Exercise: Wherever a picture sits, omit it. Output the rest of the listing exactly.

Data Block Start

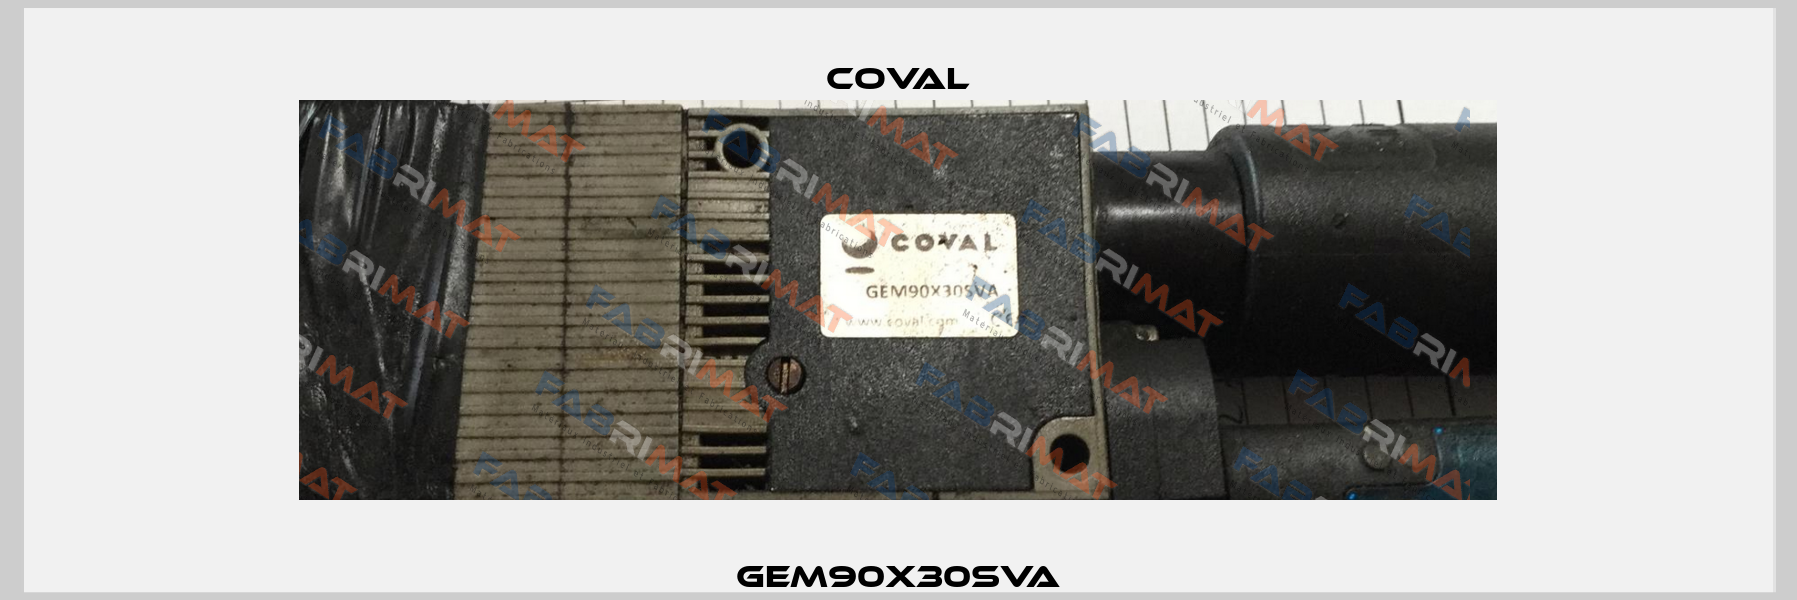 GEM90X30SVA Coval
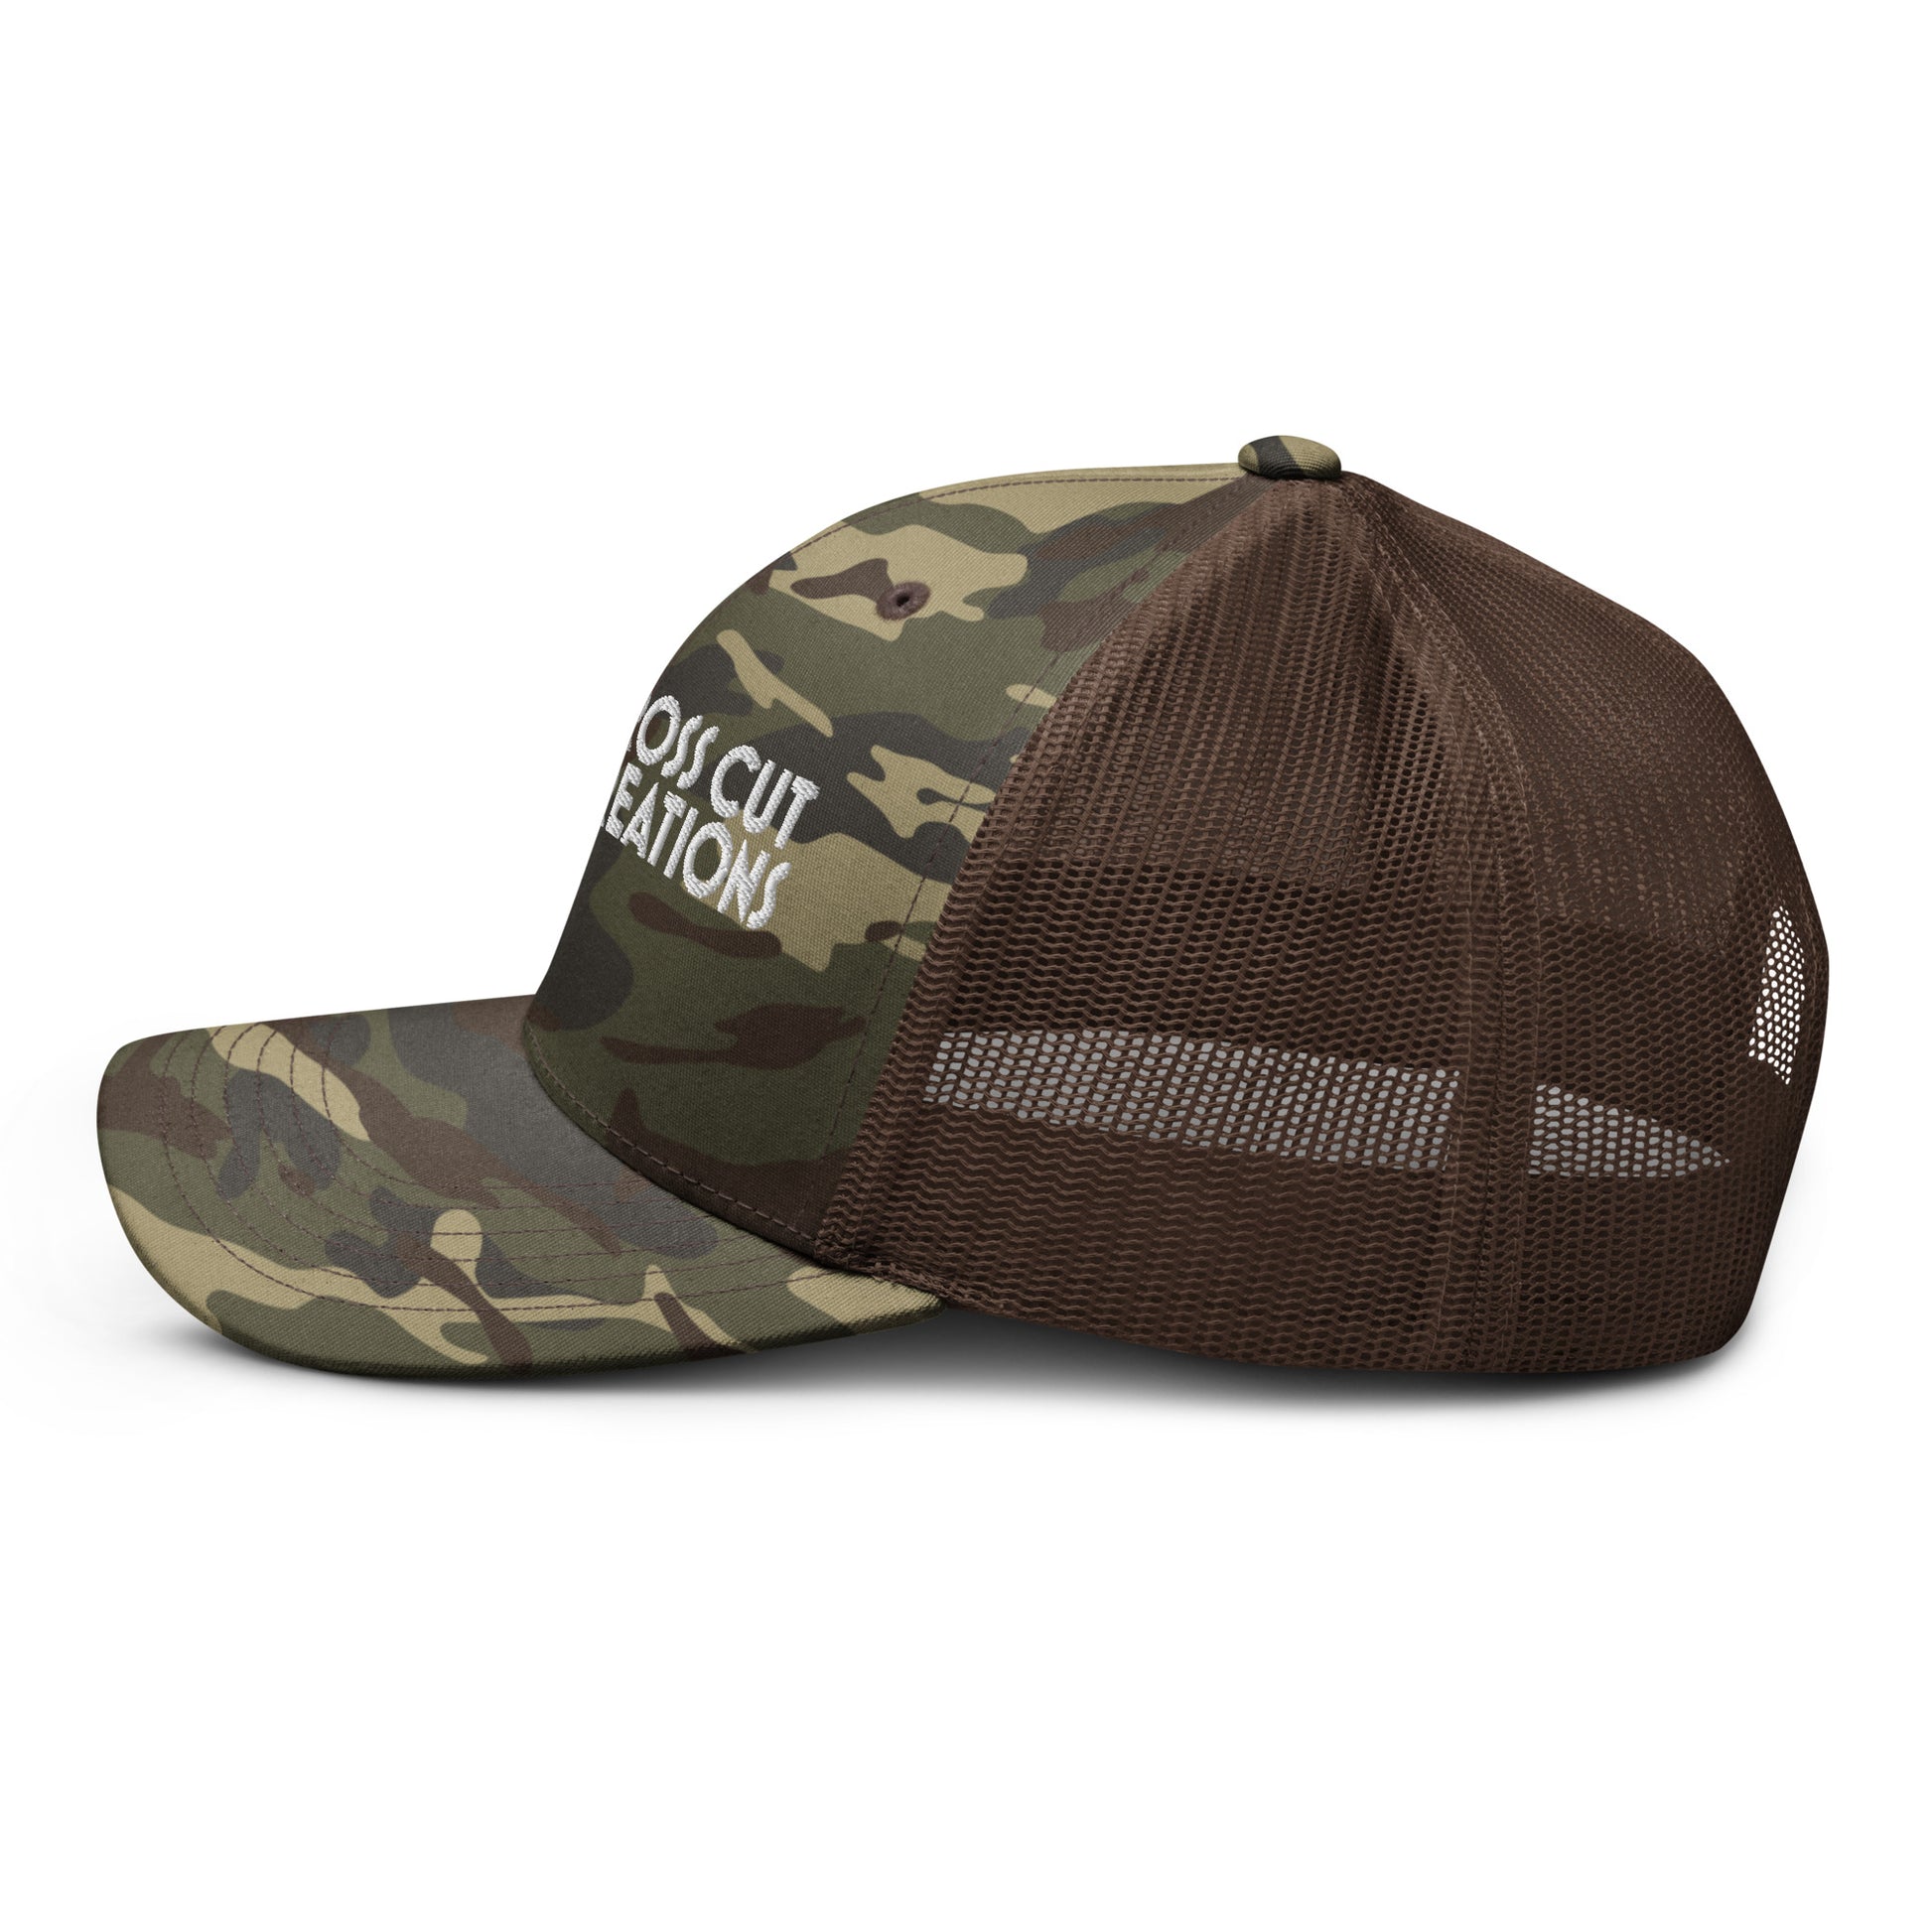 Camouflage trucker hat - Cross Cut Creations
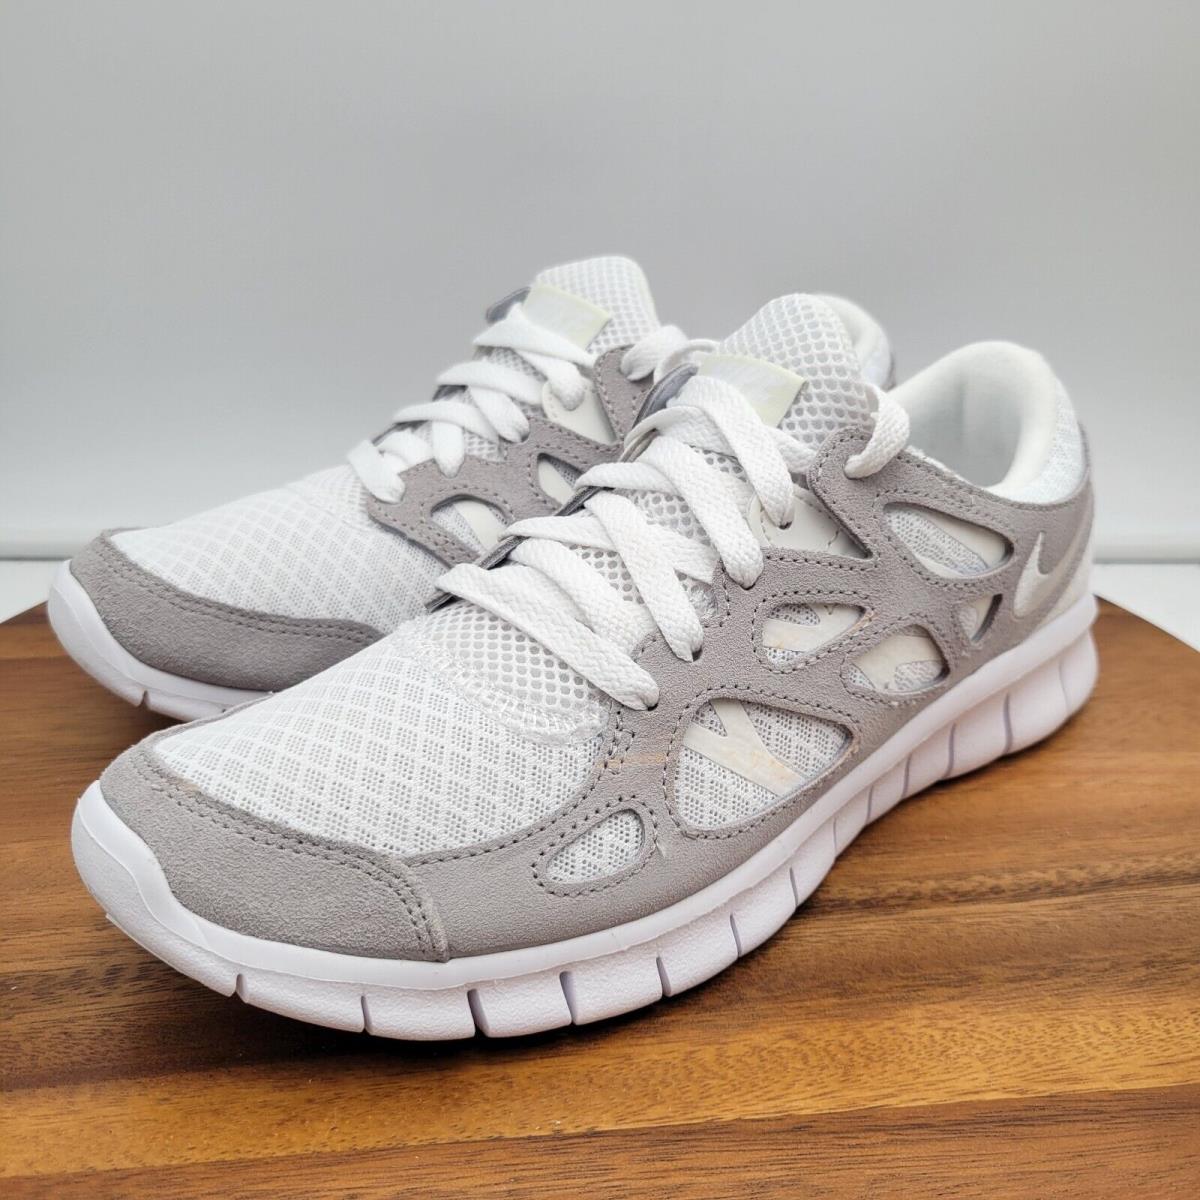 Nike shoes Free Run - White 4

Data Block End

Answer to the problem:
 GEM90X30SVA Coval
 Camouflage trucker hat - Cross Cut Creations
 Nike shoes Free Run - White 4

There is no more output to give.